Was die 100.000-Euro-Grenze bedeutet
Die Grenze bezieht sich auf das jährliche Gesamteinkommen jedes einzelnen unterhaltspflichtigen Kindes, nicht auf das Familieneinkommen. Wird sie nicht überschritten, entfällt nicht nur die Zahlungspflicht — das Sozialamt darf die Einkommensverhältnisse des Kindes grundsätzlich auch nicht ermitteln. In der Praxis heißt das: Die meisten Kinder müssen die oft umfangreichen Auskunftsbögen nicht ausfüllen. Erst wenn konkrete Anhaltspunkte dafür bestehen, dass die Grenze überschritten sein könnte, darf das Amt nachfragen.
Der Selbstbehalt oberhalb der Grenze
Wird die Grenze überschritten, ist damit noch nicht gesagt, wie viel zu zahlen ist. Unterhaltspflichtig ist nämlich nicht, wer bei Berücksichtigung seiner sonstigen Verpflichtungen außerstande ist, ohne Gefährdung seines eigenen angemessenen Unterhalts zu leisten (§ 1603 Abs. 1 BGB). Beim Elternunterhalt ist dieser Selbstbehalt bewusst hoch angesetzt, und von dem darüber hinausgehenden Einkommen wird nur ein Teil herangezogen. Die eigene Altersvorsorge, eigene Familienpflichten und angemessene Ausgaben sind zu berücksichtigen. Eine pauschale Zahl gibt es dabei nicht — es kommt auf die konkrete Berechnung an.
Wenn der Anspruch verwirkt ist
Auch oberhalb der Grenze kann der Anspruch ganz oder teilweise entfallen.
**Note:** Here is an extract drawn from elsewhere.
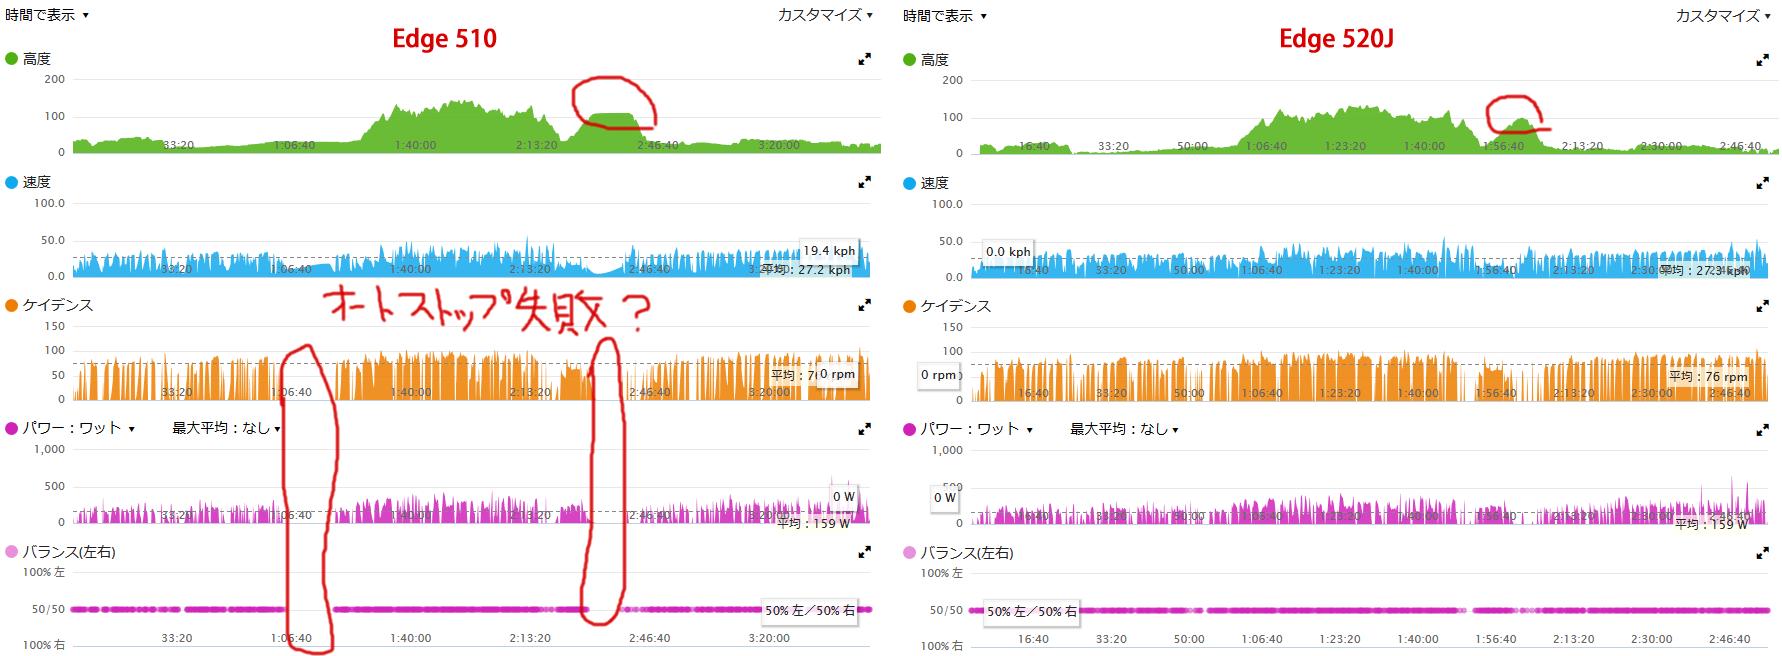 Edge 510と520はグラフで見てもほぼ同じデータでした
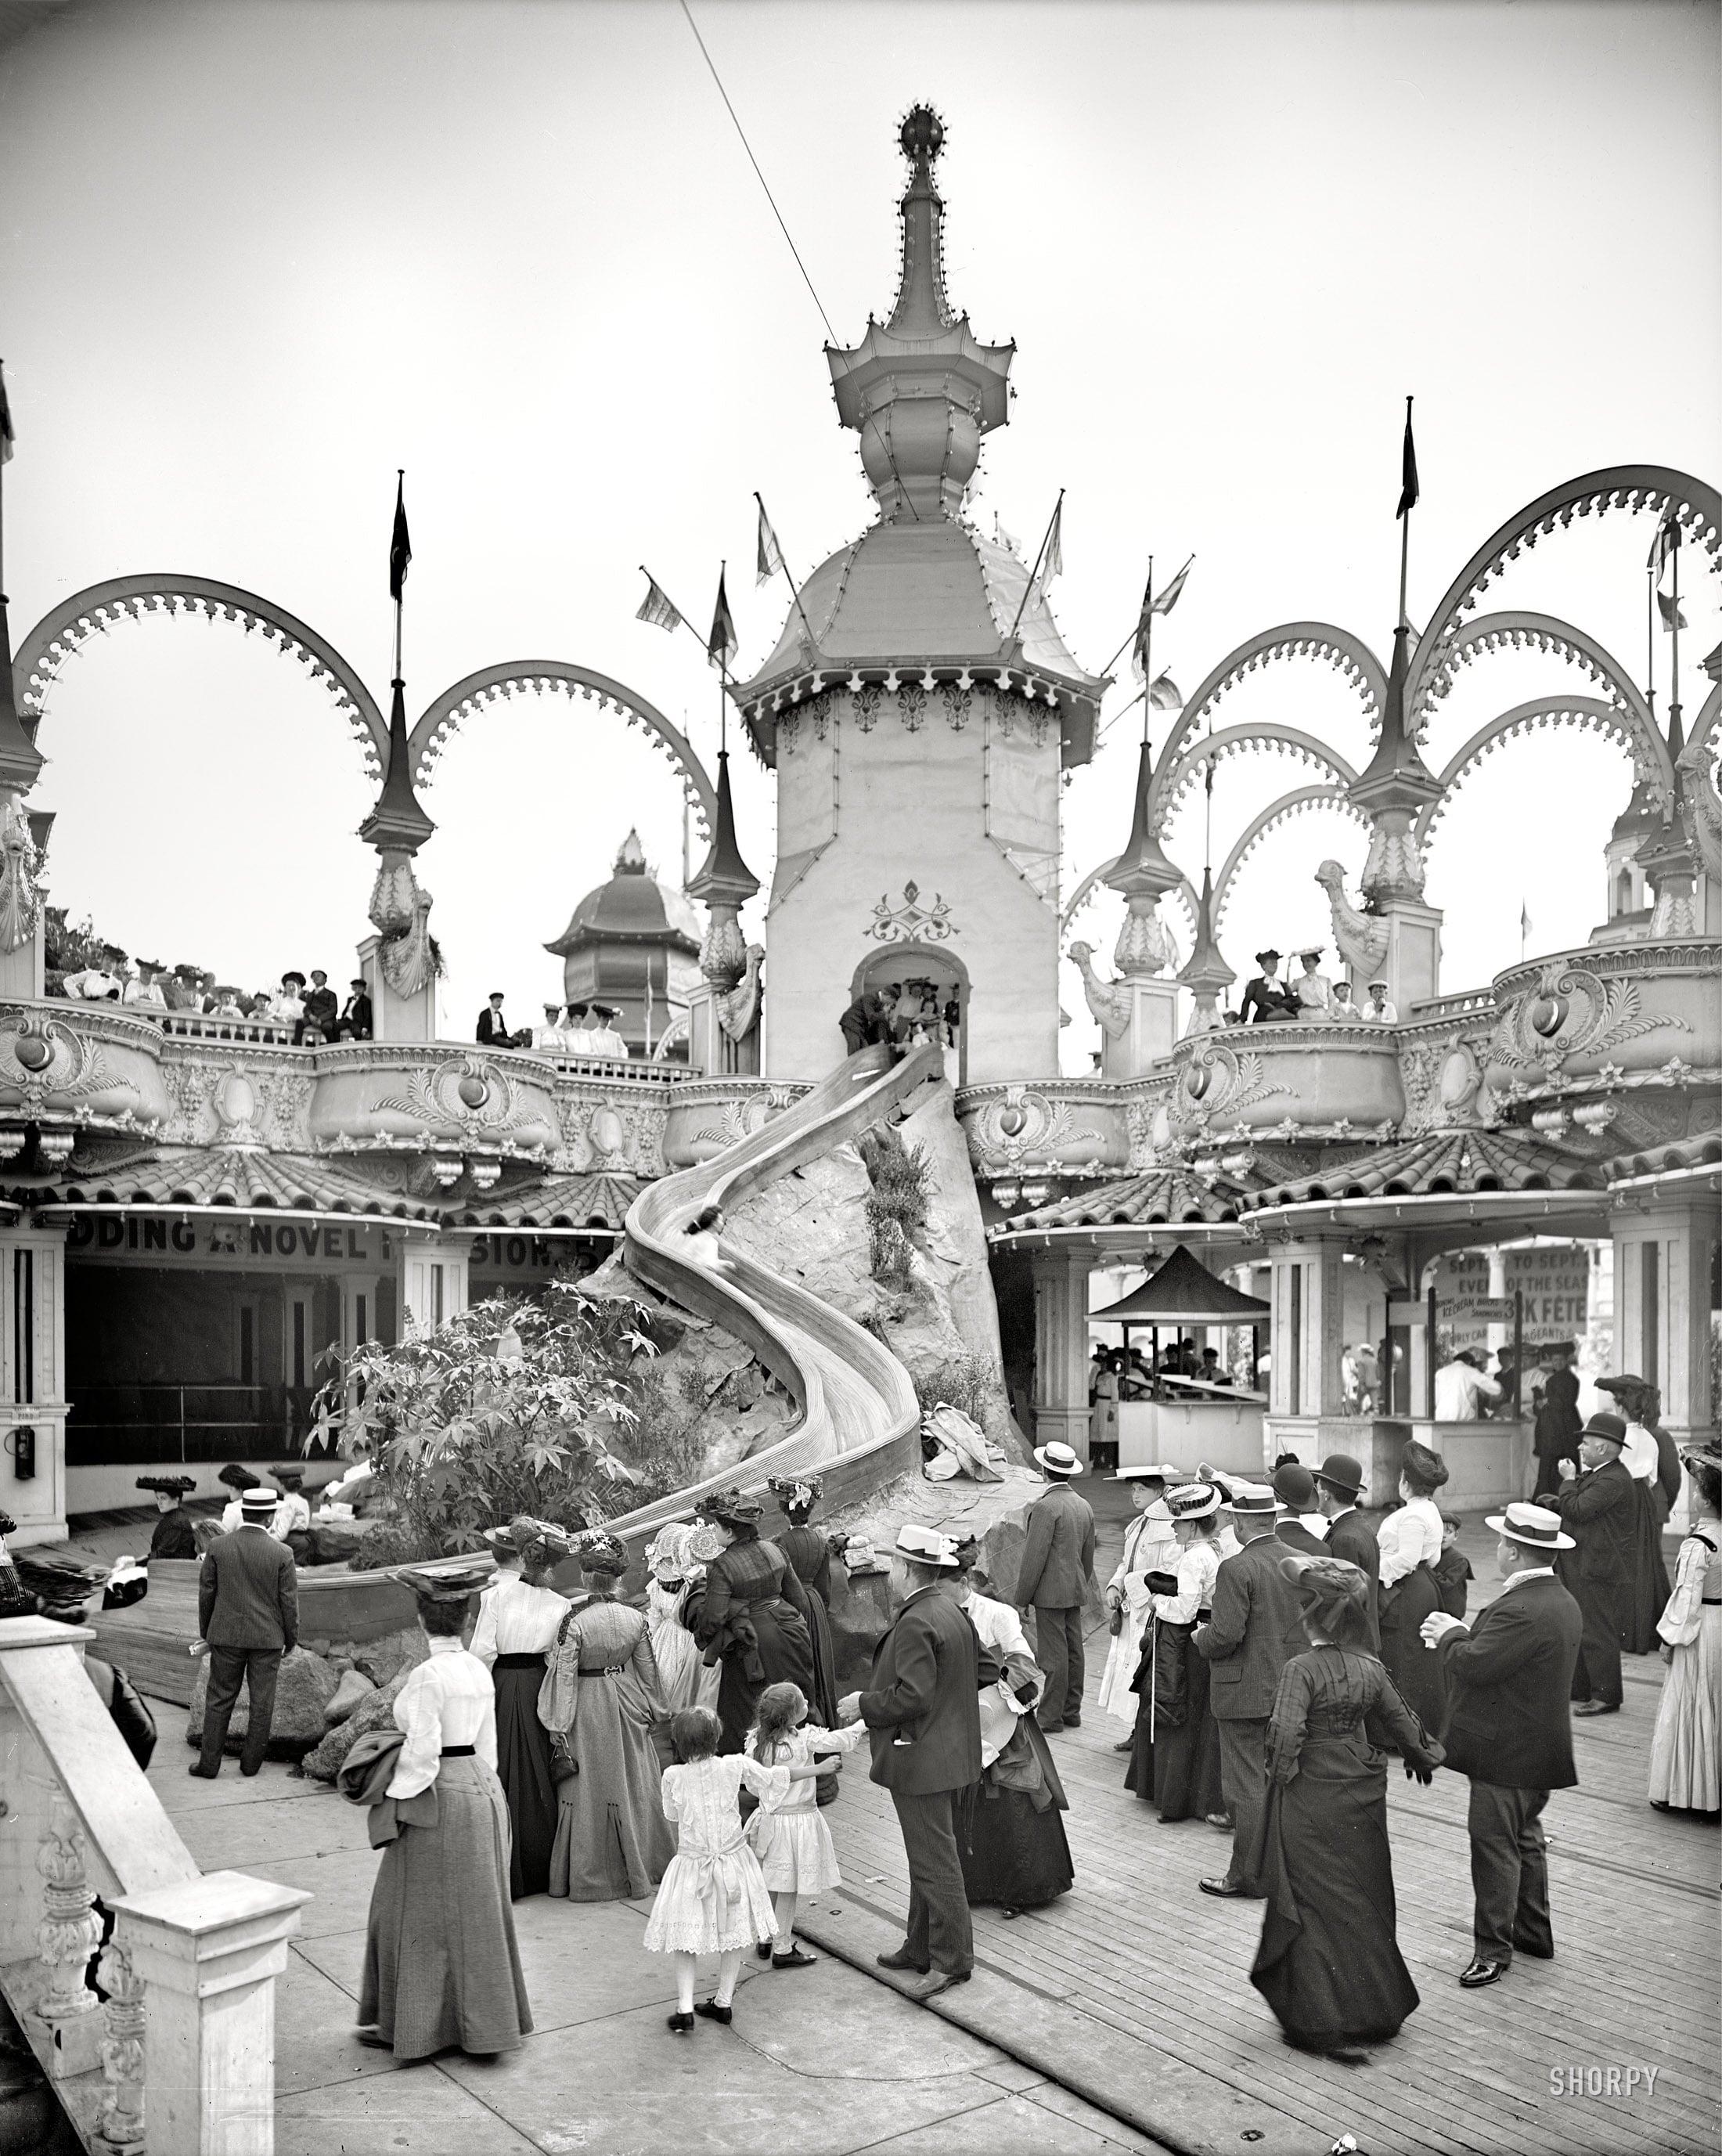 The Helter Skelter ride at Luna Park, Coney Island. 1905. (h/t,  Shorpy )

Hat der unterhaltsberechtigte Elternteil seine eigene Unterhaltspflicht gegenüber dem Kind früher gröblich vernachlässigt oder sich vorsätzlich einer schweren Verfehlung schuldig gemacht, braucht das Kind nur einen der Billigkeit entsprechenden Beitrag zu leisten; ist die Inanspruchnahme grob unbillig, fällt die Pflicht ganz weg (§ 1611 BGB). Der bloße Kontaktabbruch im Erwachsenenalter genügt dafür allerdings nach der Rechtsprechung nicht ohne Weiteres — es kommt auf die Schwere und die Umstände an.
Lohnt sich das — und was kostet es?
Die Ersteinschätzung kostet nichts: Sie erfahren, ob Sie überhaupt zum Elternunterhalt herangezogen werden können, welche Auskünfte Sie geben müssen und welcher Selbstbehalt Sie schützt. Der Einsatz lohnt sich, weil viele Kinder aus Unsicherheit Auskünfte erteilen oder Zahlungen leisten, zu denen sie gar nicht verpflichtet sind — gerade seit der 100.000-Euro-Grenze. Liegt Ihr Einkommen darunter, ist die Sache oft mit einem klaren Schreiben erledigt; liegt es darüber, sorgt eine saubere Berechnung dafür, dass Ihr Selbstbehalt gewahrt bleibt. Ein ehrlicher Hinweis: Oberhalb der Grenze ist es eine Einzelfallberechnung, und der Ausgang lässt sich nicht garantieren. Unsere Vergütung besprechen wir transparent vorab; bei geringem Einkommen kommt Beratungs- oder Prozesskostenhilfe in Betracht.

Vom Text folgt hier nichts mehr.